Bank of America derivatives transfer is criticized by Democrats in Congress

Don't you find it puzzling why no Republican candidate for President or in Congress is expressing outrage?

By Kirsten Valle Pittman | The Charlotte Observer

Lawmakers are criticizing Bank of America Corp. again, this time over the reported transfer of financial instruments from Merrill Lynch into the bank's deposit-taking arm.

It's a move the lawmakers say could put taxpayers on the hook for big losses - three years after the bank received billions in bailouts from the federal government.


More than a dozen Democratic members of Congress, including U.S. Rep. Brad Miller of North Carolina, wrote to federal regulators Thursday, asking why they allowed the move of derivatives into the retail bank, which contains deposits insured by the Federal Deposit Insurance Corp.

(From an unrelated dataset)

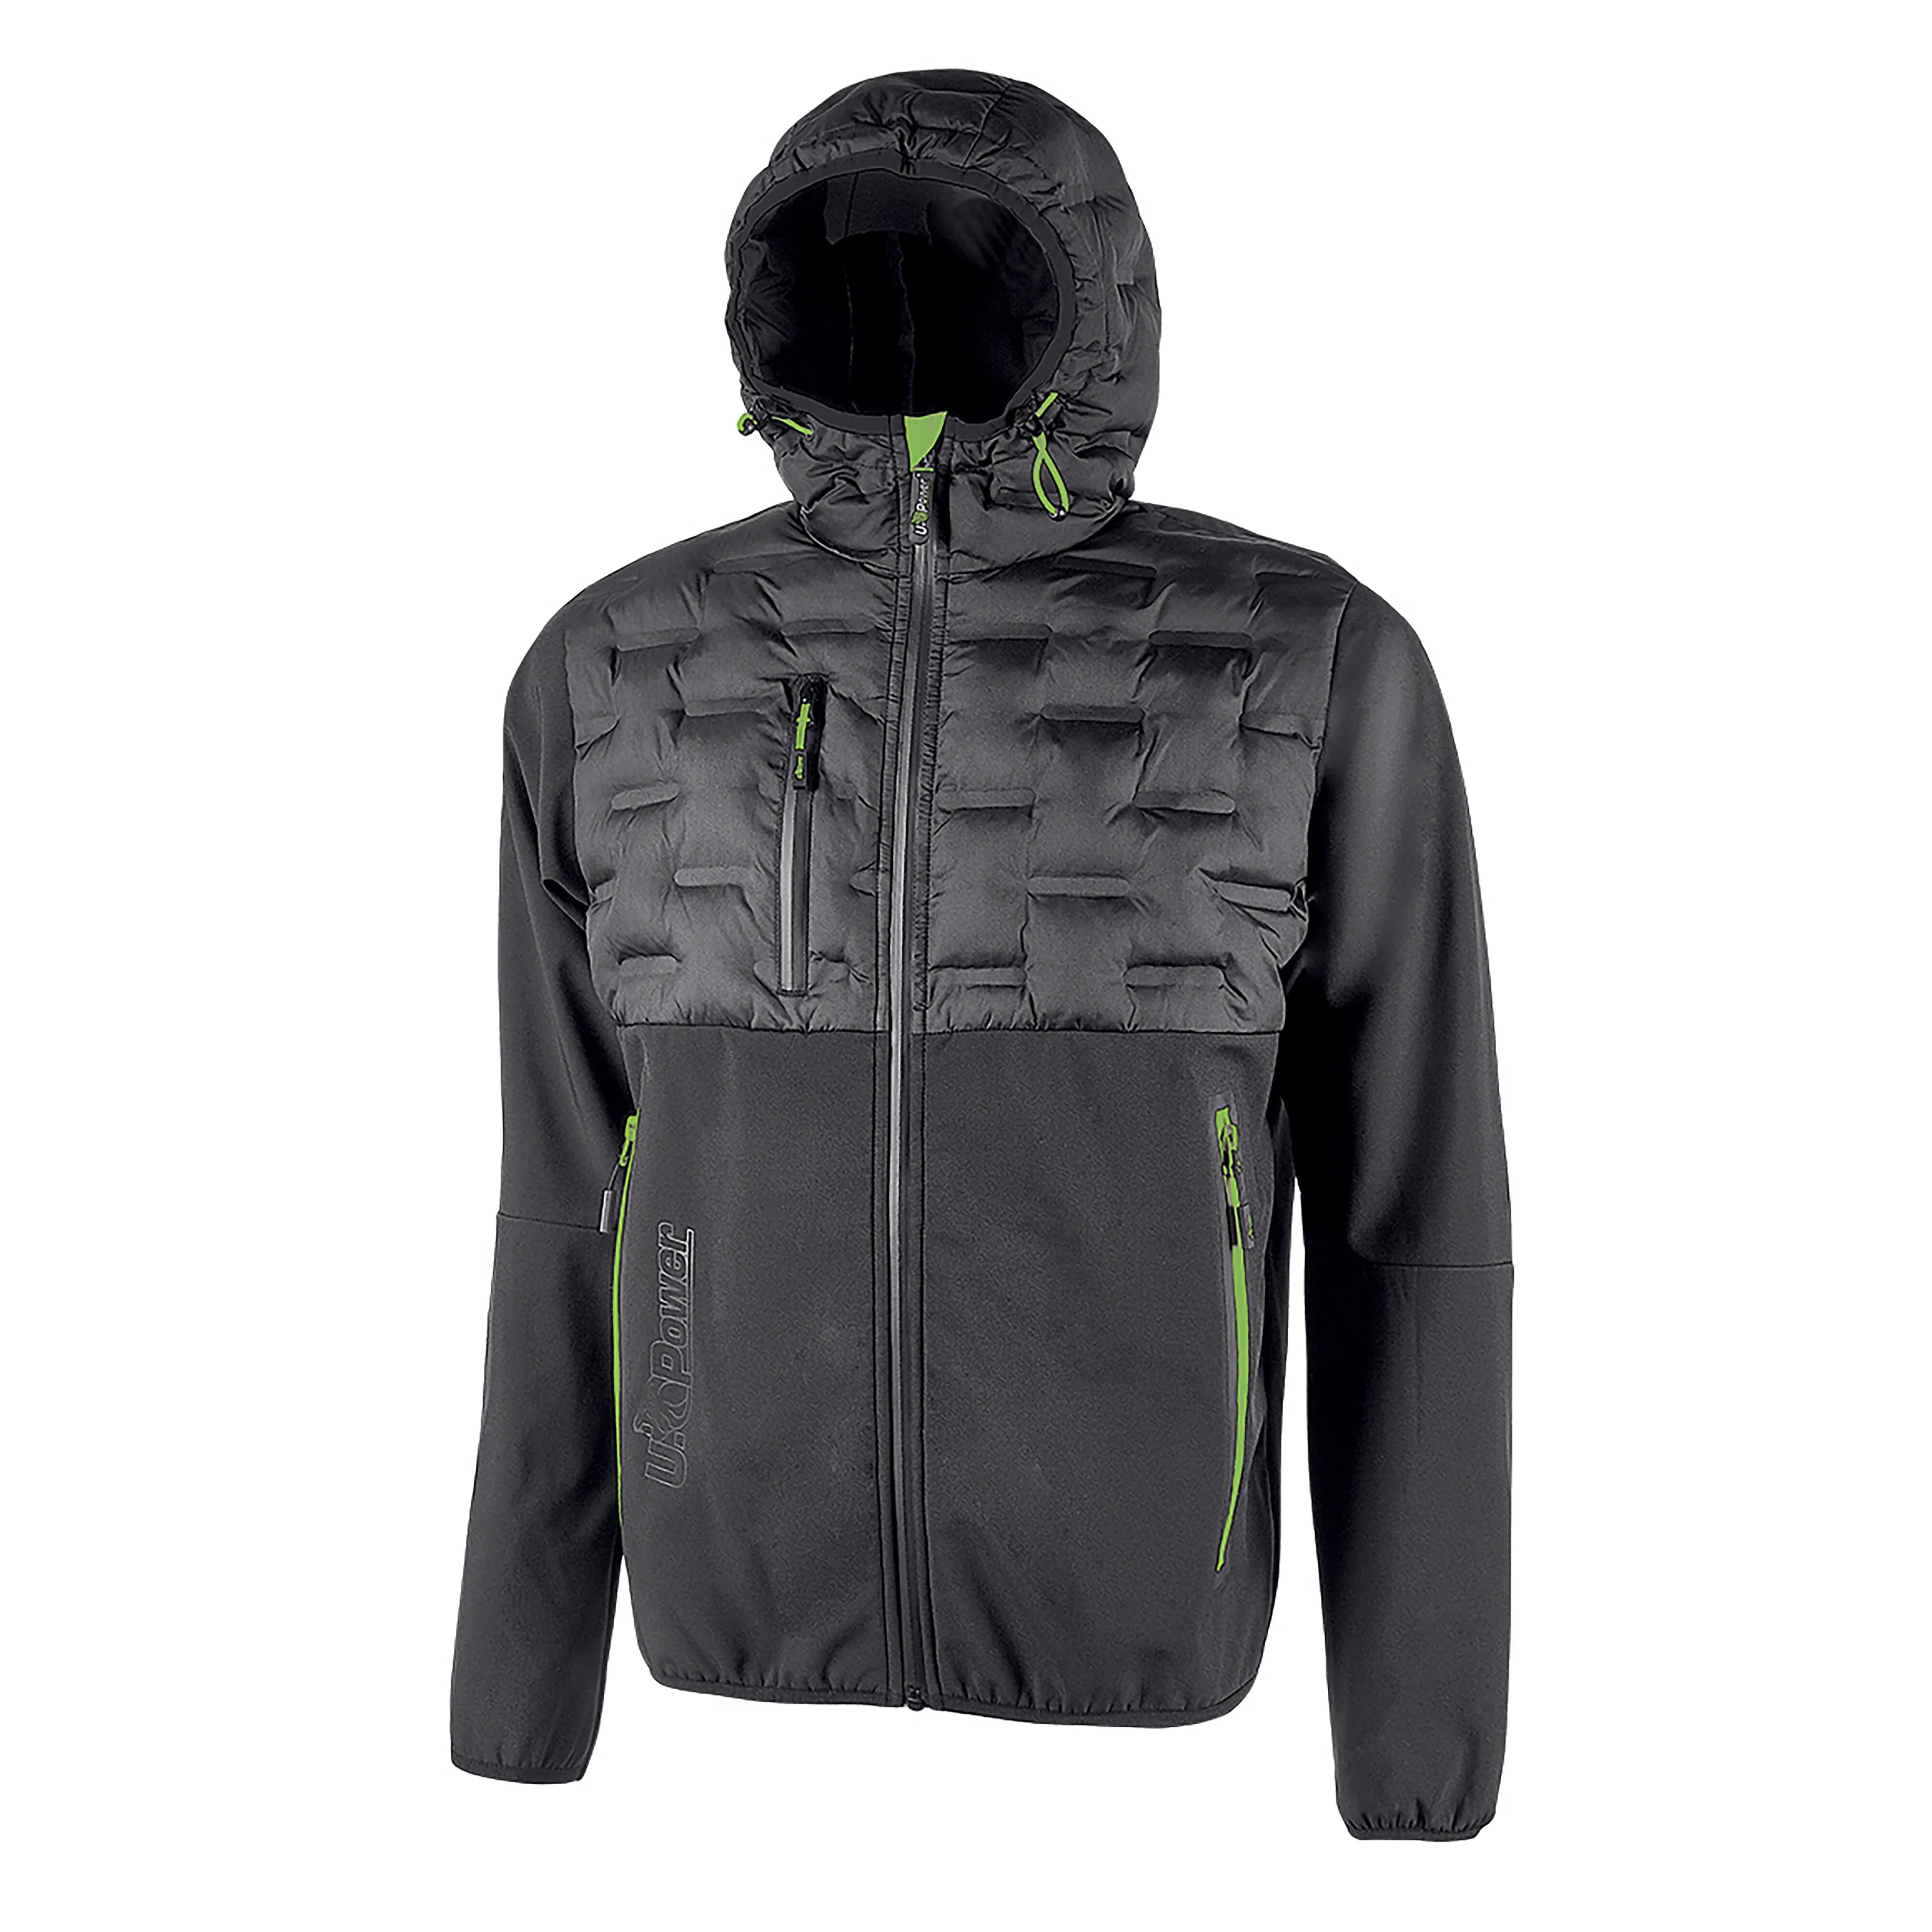 u-power giacca soft shell spock  taglia xl colore grigio inserti verdi idrorepellente

"This kind of transaction raises many issues of obvious public concern," Miller said in a statement. "If the bank subsidiary failed, innocent taxpayers could end up paying off exotic derivatives."

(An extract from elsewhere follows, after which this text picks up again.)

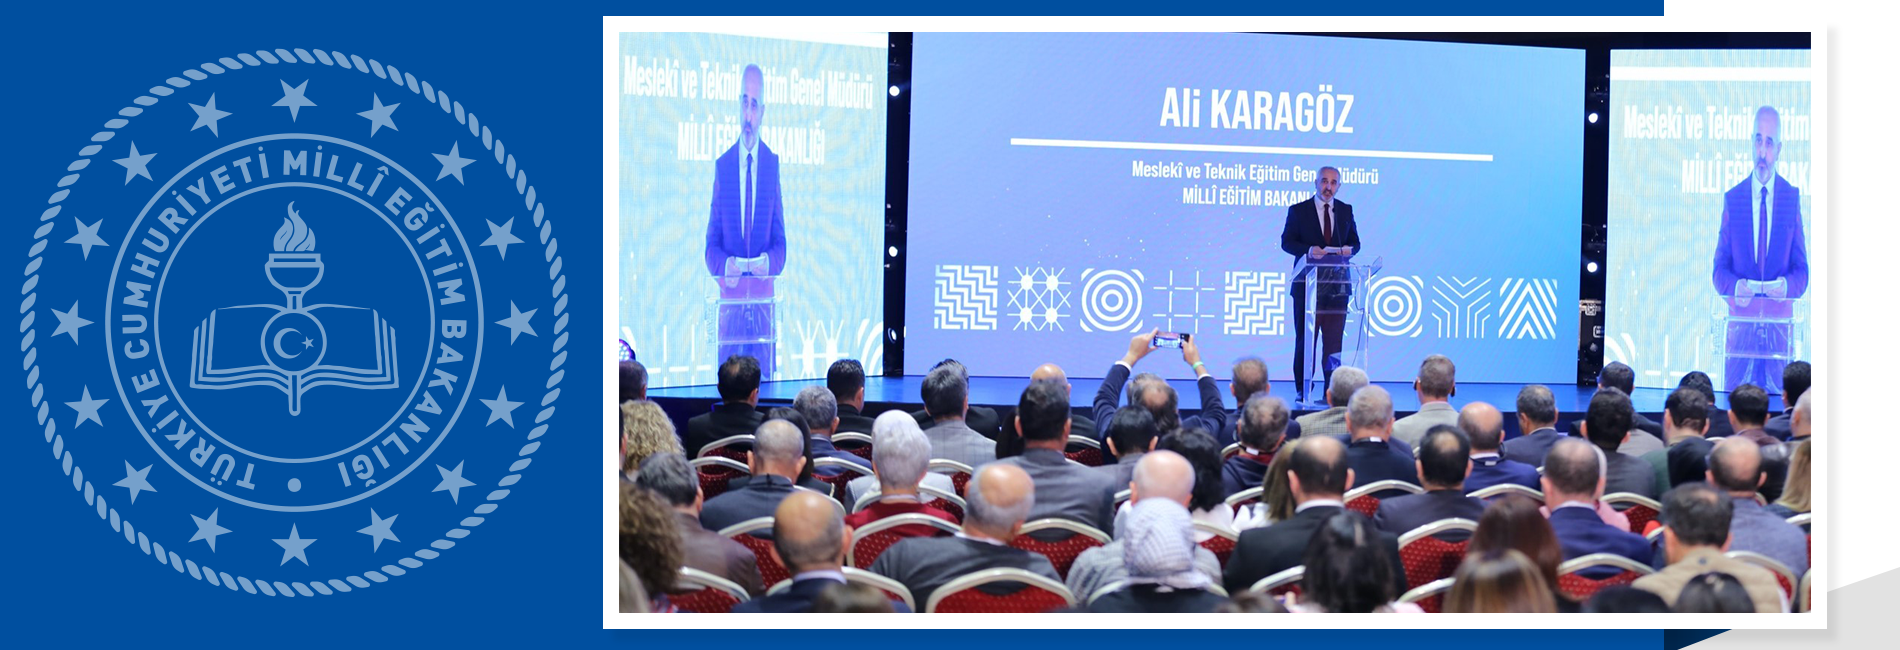 Meslekî Eğitim Forumu Antalya'da Düzenlendi

Bank of America spokesman Jerry Dubrowski said the bank's derivatives trades are subject to risk-management controls and are client-driven, not proprietary trades - meaning the bank is not betting with its own money.

"Bank of America serves clients' needs, including with cash and derivatives instruments, through many of its affiliates, including the bank," he said. "This is permissible in the current regulatory environment, and it is not expected to significantly change with the implementation of Dodd-Frank."

The retail subsidiaries of some other big U.S. banks, including JPMorgan Chase & Co. and Citigroup Inc., have as much or more in derivatives as Bank of America, data show.

Bank of America transferred the derivatives from Merrill Lynch after a credit downgrade in September, moving the contracts to the retail bank, which has a higher credit rating, Bloomberg News reported last week.

According to the Bloomberg report, the Federal Reserve favored moving the derivatives to give relief to the bank holding company, while the FDIC - which has to pay off depositors if a bank doesn't have the money to make them whole - objected.

Fed spokeswoman Barbara Hagenbaugh on Wednesday declined to discuss "supervisory matters pertaining to individual institutions." FDIC spokesman David Barr also declined to comment.